### How to complete this task
Below this line is the material. Write out only its lines from the one containing "KK-017 Knight Rider" through the one containing "Exhibitor - City Pharmacy", both kept, exactly.

### Records supplied
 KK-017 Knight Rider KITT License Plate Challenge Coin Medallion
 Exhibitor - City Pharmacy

--

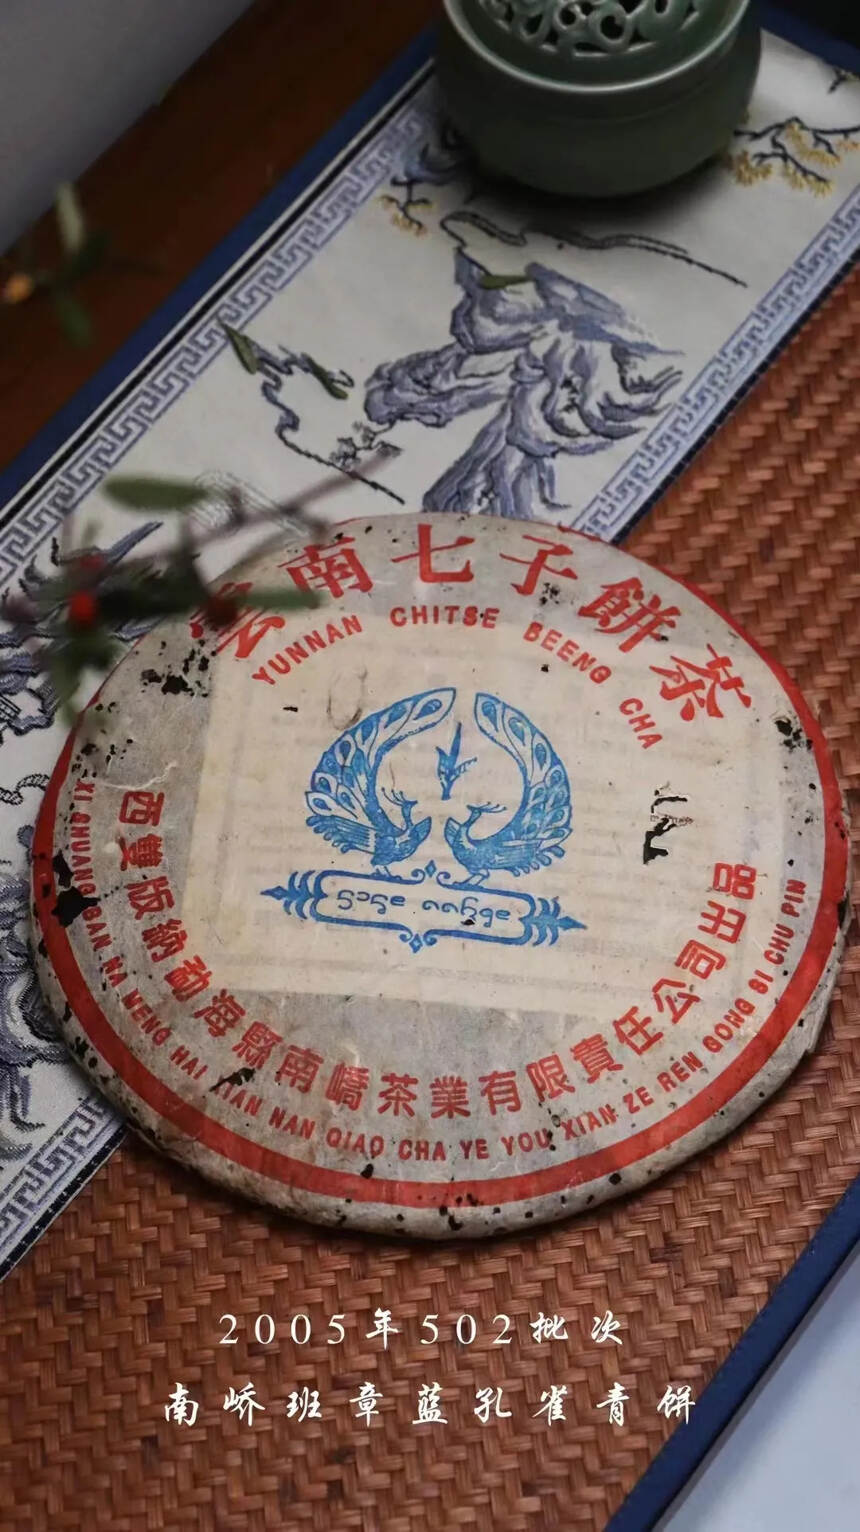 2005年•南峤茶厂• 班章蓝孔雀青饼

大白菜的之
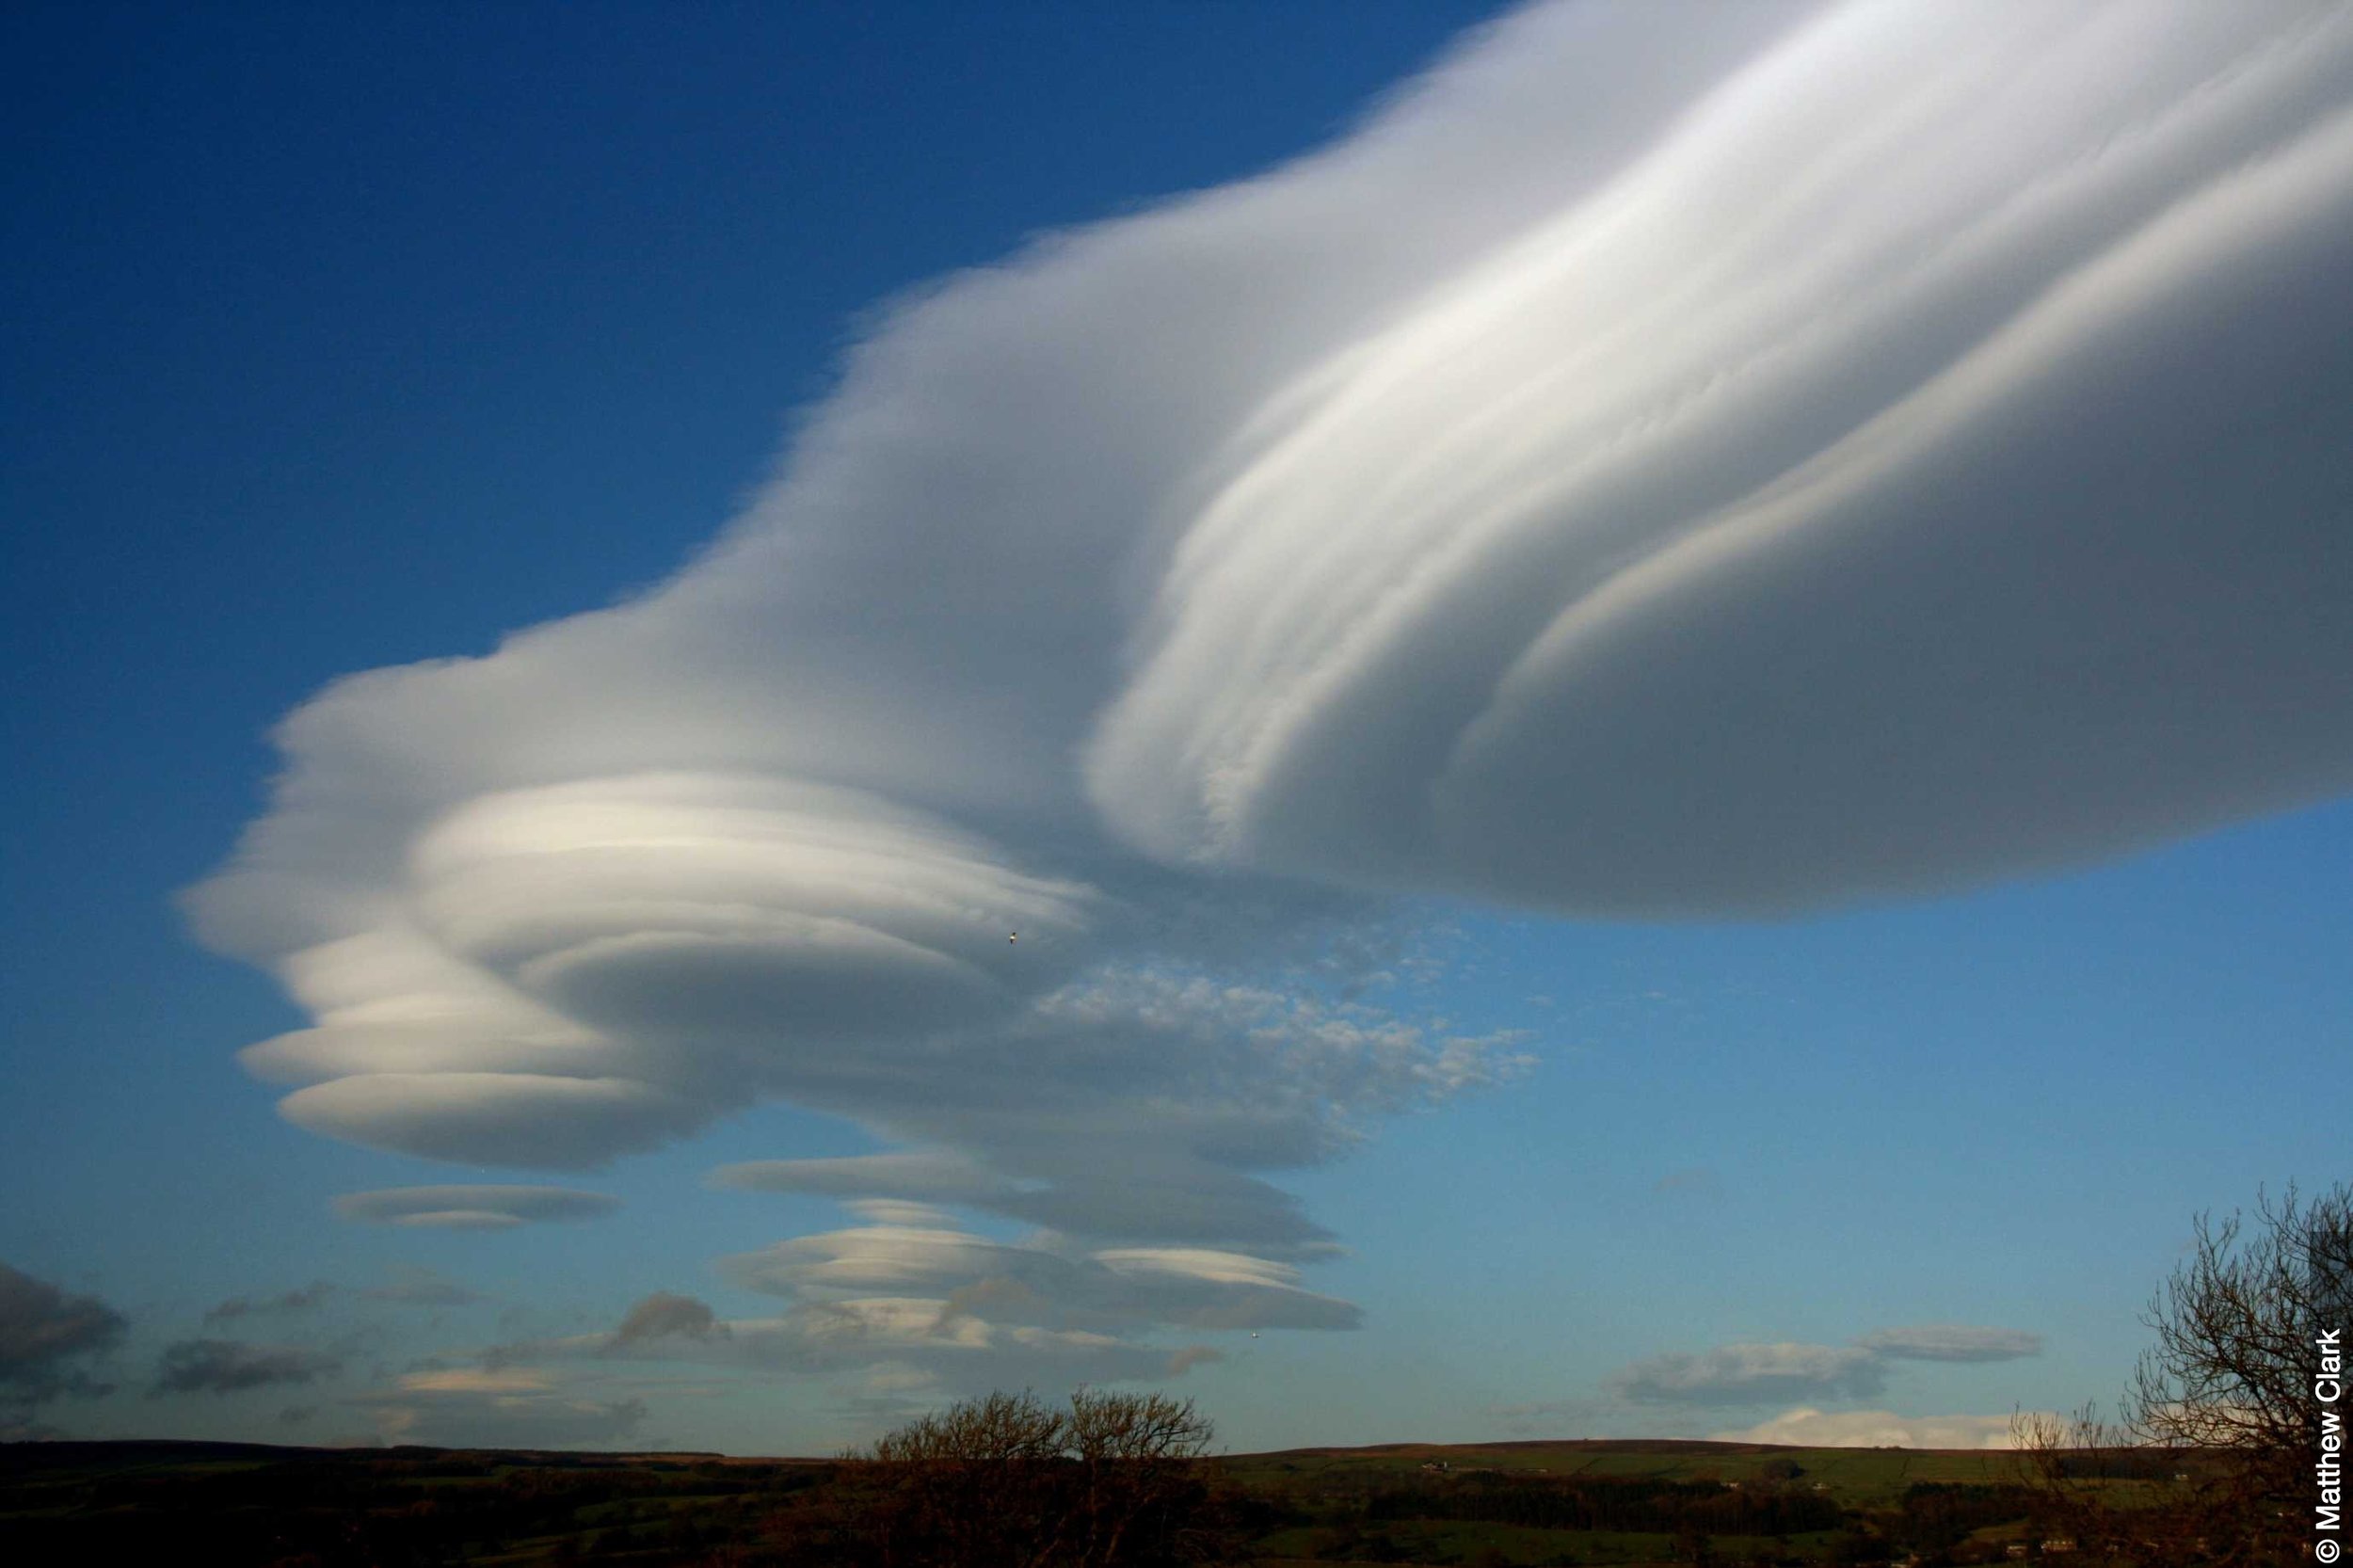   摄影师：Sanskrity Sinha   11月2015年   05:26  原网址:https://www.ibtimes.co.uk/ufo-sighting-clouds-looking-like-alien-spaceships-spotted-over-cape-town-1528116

### Task output
 KK-017 Knight Rider KITT License Plate Challenge Coin Medallion
 Exhibitor - City Pharmacy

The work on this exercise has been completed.